Türkiye’deki Hizbullah; hain, vatana ve millete düşman bir yapıdır ama Lübnan’daki gerçek Hizbullah ise modern yaşama karışmayan, vatan duygusuna sahip, milli vasıflı bir Şii örgüt olup, İsrail’in de amansız düşmanıdır. İsrail’i yenilgiye uğratan tek İslami yapı olan Lübnanlı Hizbullah, efsanevi kahramanlara sahiptir.
Özetle, bizdeki ihanet şebekelerinin ne Türkiyelilikle, ne felsefeyle, ne sanatla, ne bilimle, ne ahlaklı siyaset geleneğiyle ve ne de yüce insani değerlere sahiplenmekle ilgileri vardır, olumsuzluklar dışında…
DARBE 2019 NİSAN’INA PLANLANIYOR
Size son dakika haberini verme zamanı geldi…

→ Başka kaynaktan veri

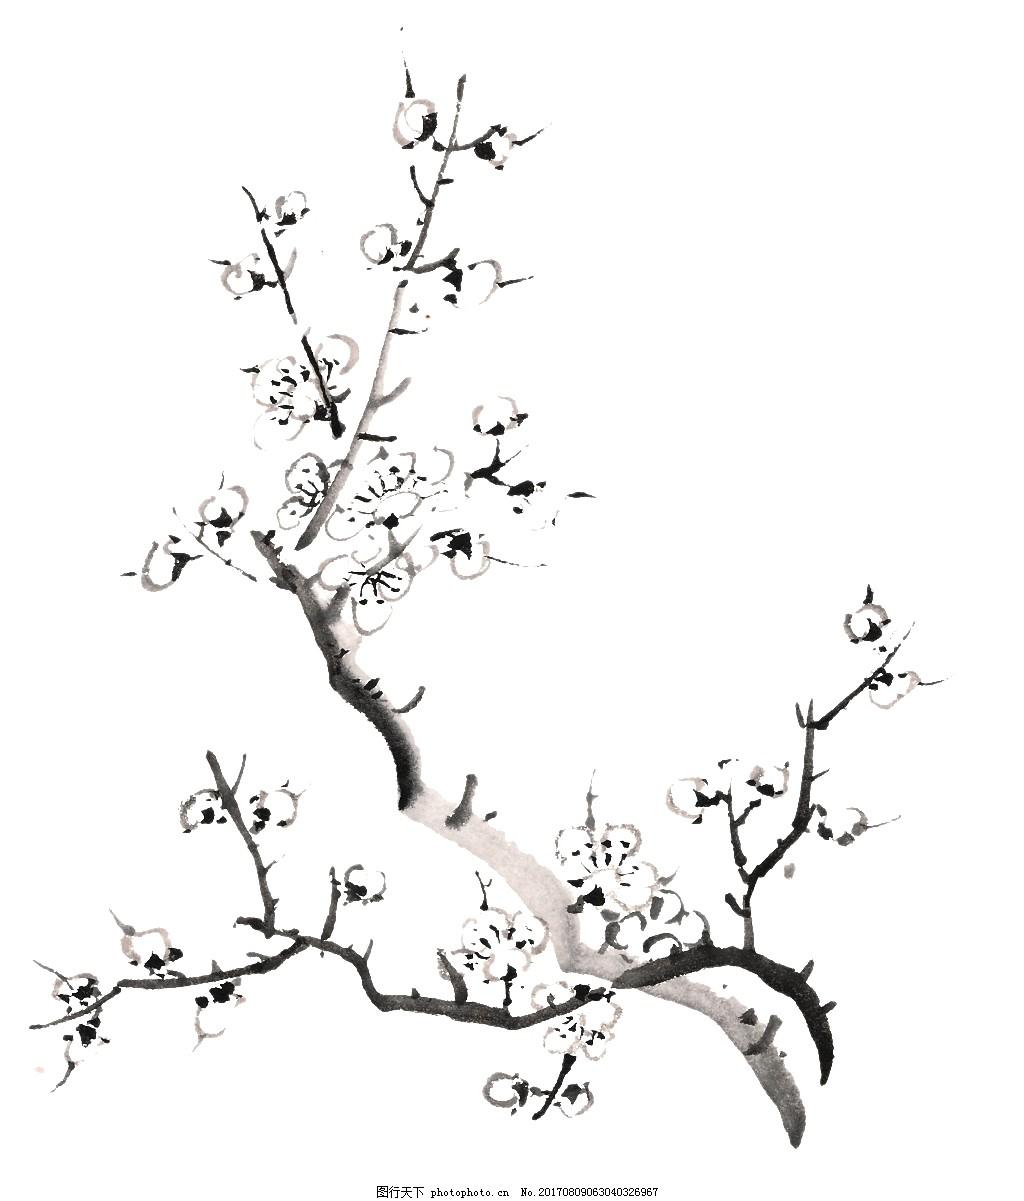 水墨手绘桃树网页设计素材

Bid’atüzzaman Said Emirdağ Lahikası-II kitabında diyor ki: “Ne yapayım, acele ettim, kışta geldim. Siz inşallah Cennet-âsâ bir baharda gelirsiniz.”
Anlamayana kopya vereyim…
Taksim’e cami inşa edip buna karşılık AKM’yi yıkan, zihinlerinin arkasındaki Gezi Parkına Abdülhamit kışlası yapma niyetlerini saklamayan, yani 31 Mart Vak’asında ayaklanan gerici güruhun mirasçılığını gizlemeyen, bu paralelde “Keşke Yunan galip gelseydi” sözünün sahibi yıkık suratlı meczubu taltif eden İslamcılar için 31 Mart seçimleri start olarak mı kullanacaktır acaba?
Herkes 31 Mart ile 13 Nisan tarihleri arasına dikkat etsin…
31 Mart’ın miladi karşılığı 13 Nisan’dır zira.
13 Nisan civarında “Mehdi Darbesi” planlanıyor ve uygun psikoloji bekleniyor.
Unutulmasın ki tarihte ilk 31 Mart Vak’asında yedikleri Harekât Ordusu balyozunun travmasını halen yaşayan dincilerin, “Darbe-i isna (İkinci darbe)” ya da “Darbe-i Mukaddese” olarak düşündükleri hayallerini darmadağın edecek Mustafa Kemal’leri bir anda zuhur ettirmek bu münbit toprakların ilahi esprisi ve armağanıdır.